RE: Westridge Management ...heavymundomoney,
Obviously oil and manganese are two different birds, but the principles of financing with debt based on the surety of future cash flows and asset reserves are similar.
The key lines in the EOR.V NR, as related to hedging of future production to provide stable cash flow for debt service, are:
1) "Also in connection with the Credit Facility, the Company has entered into Hedging Agreements with the Bank's Capital Markets Group and executed transactions for the forward sale of a portion of its share of projected production. As of December 20, 2010, the Company's two subsidiaries have hedged approximately 55,000 net barrels of crude oil for delivery in 2011 at an average price of approximately $90.64 per barrel, subject to customary adjustments for quality and transportation."
2) "The Company's President and CEO Mr. Barry Lasker states "The signing of this Credit Facility is a significant step forward in the development of the multiple projects we have identified in our oil fields in New Mexico. A reserves based credit facility is a necessary tool for additional financing for projects we are pursuing, including our infill drilling programs we expect to commence in 2011, as well as the Cortez Pipeline connection to deliver CO2 to our oil fields in 2012."

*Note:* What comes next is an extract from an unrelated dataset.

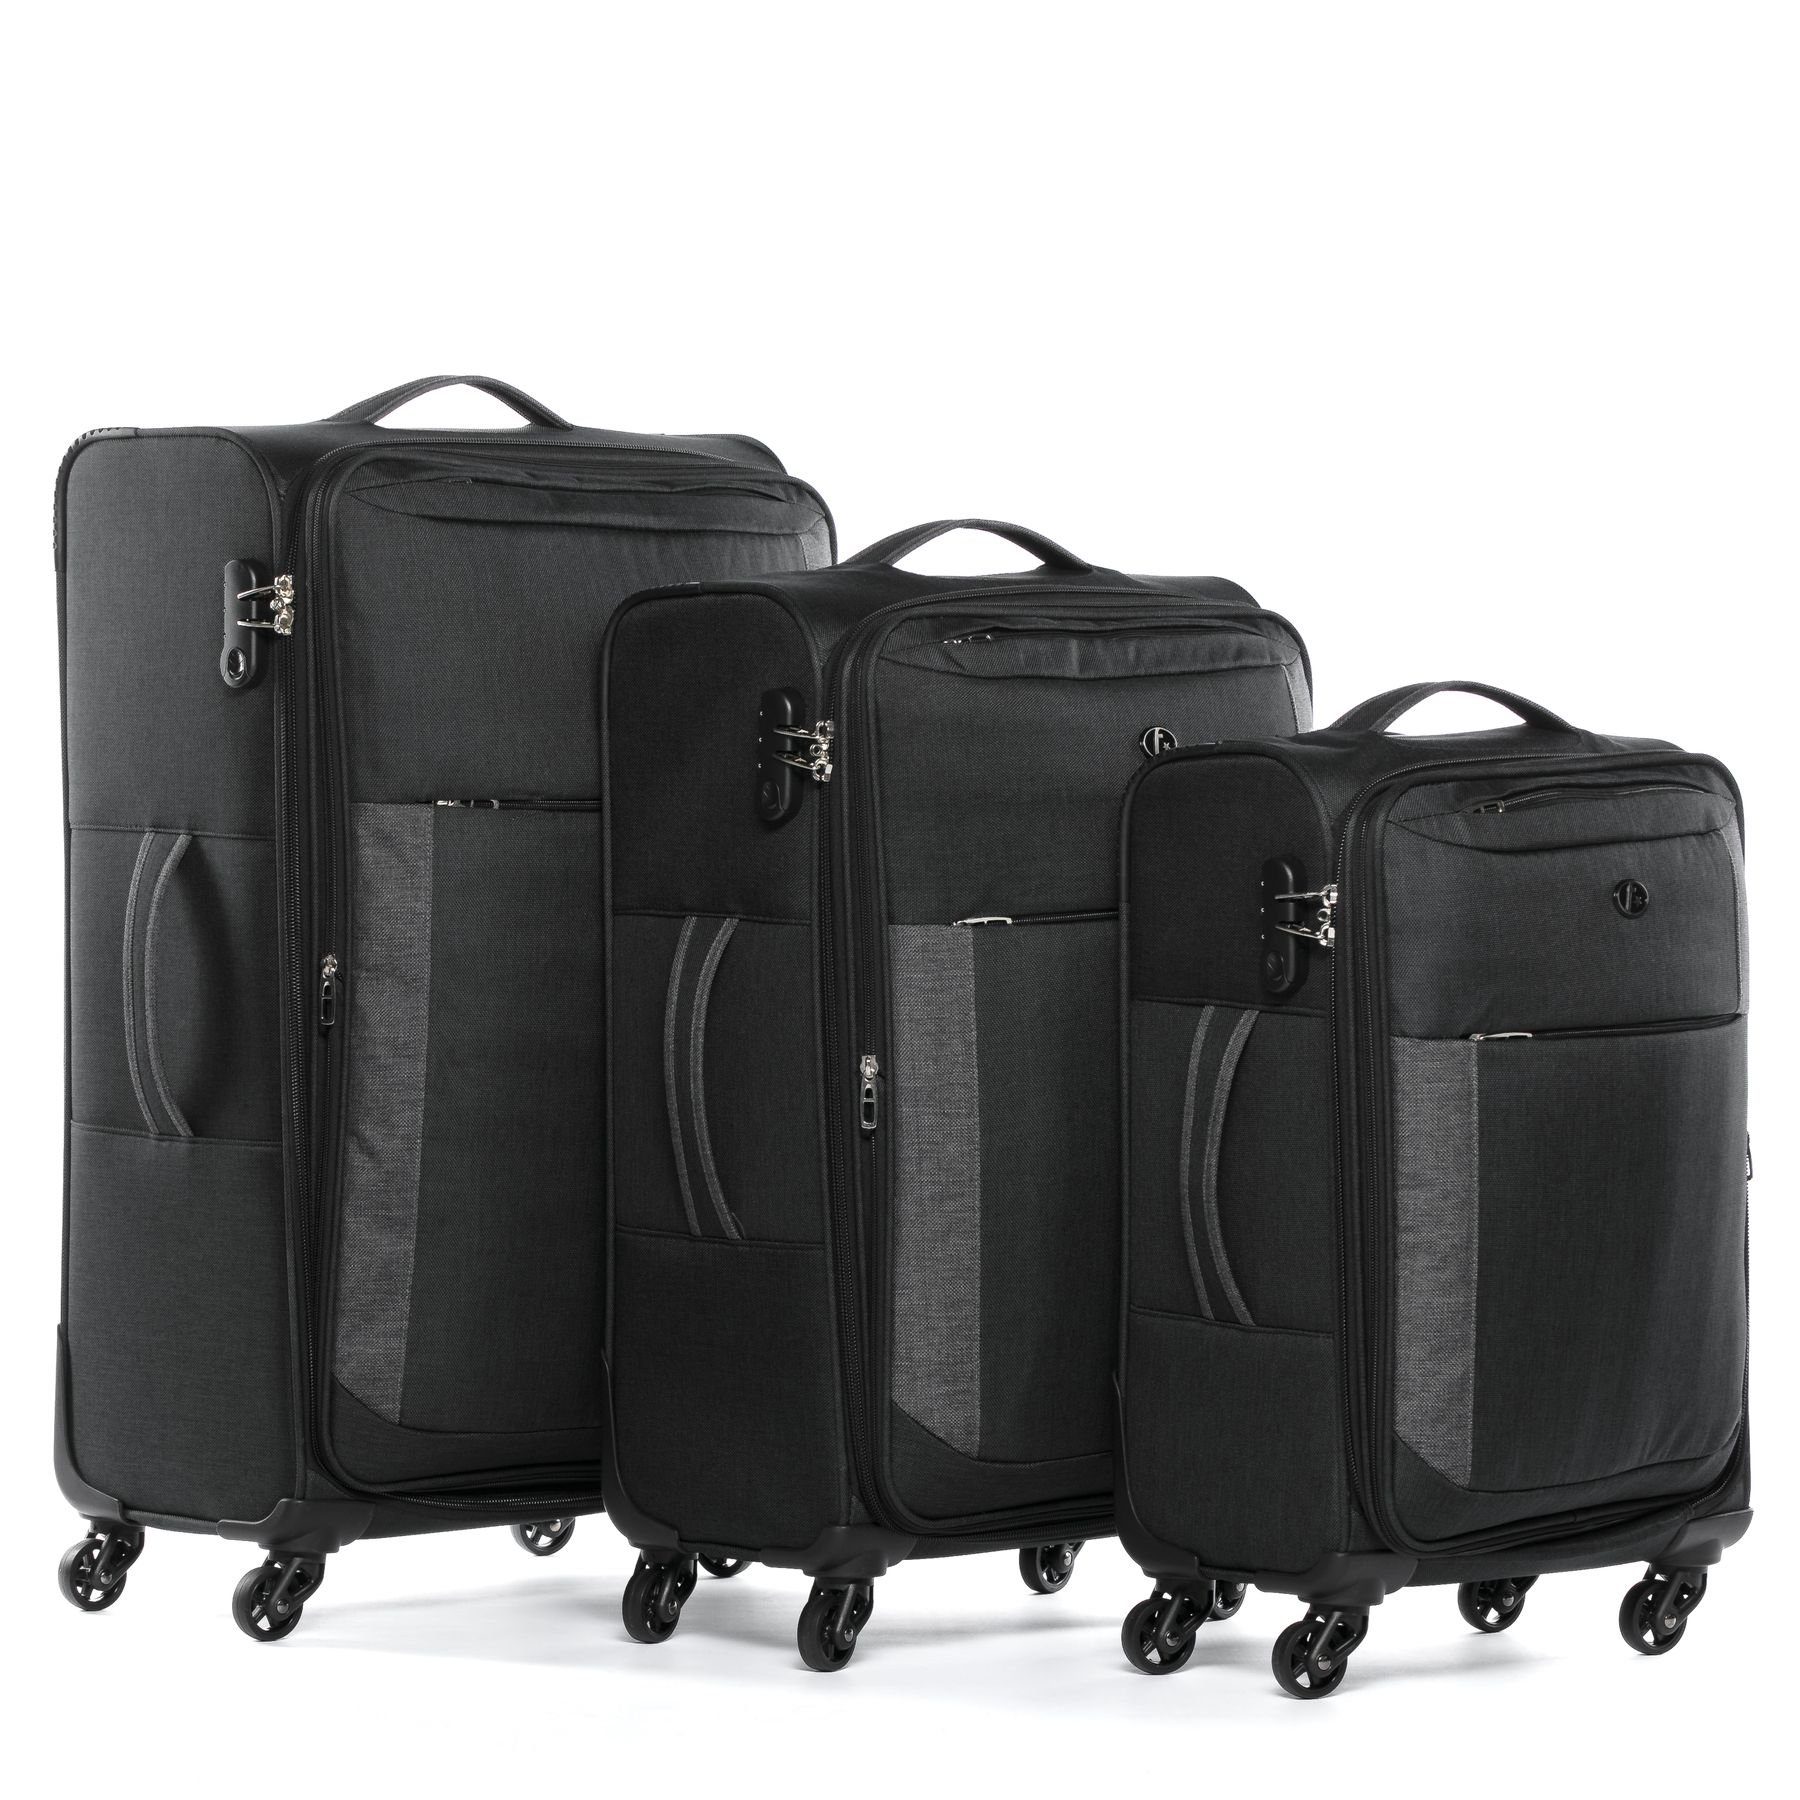 4 3er teilig Koffer Kofferset Rollkoffer Reisekoffer Saint-Tropez, Premium Set, 3 FERGÉ Trolley Weichschale erweiterbar Rollen,

So long as a financier (Vicarage, Westridge, or other investment bankers, banks, et al) is comfortable with the future production numbers of CNY and with the ability to hedge sufficient future production, then I do not see why a credit facility would not be warranted for CNY (yes, that's a double negative). That said, I am not close enough to all of the CNY particulars to make a definitive decision. However, from this vantage point, CNY appears to be on the right trajectory towards production, cash flow, asset reserves & resources expansion, and appropriate financing (equity and/or debt facilities).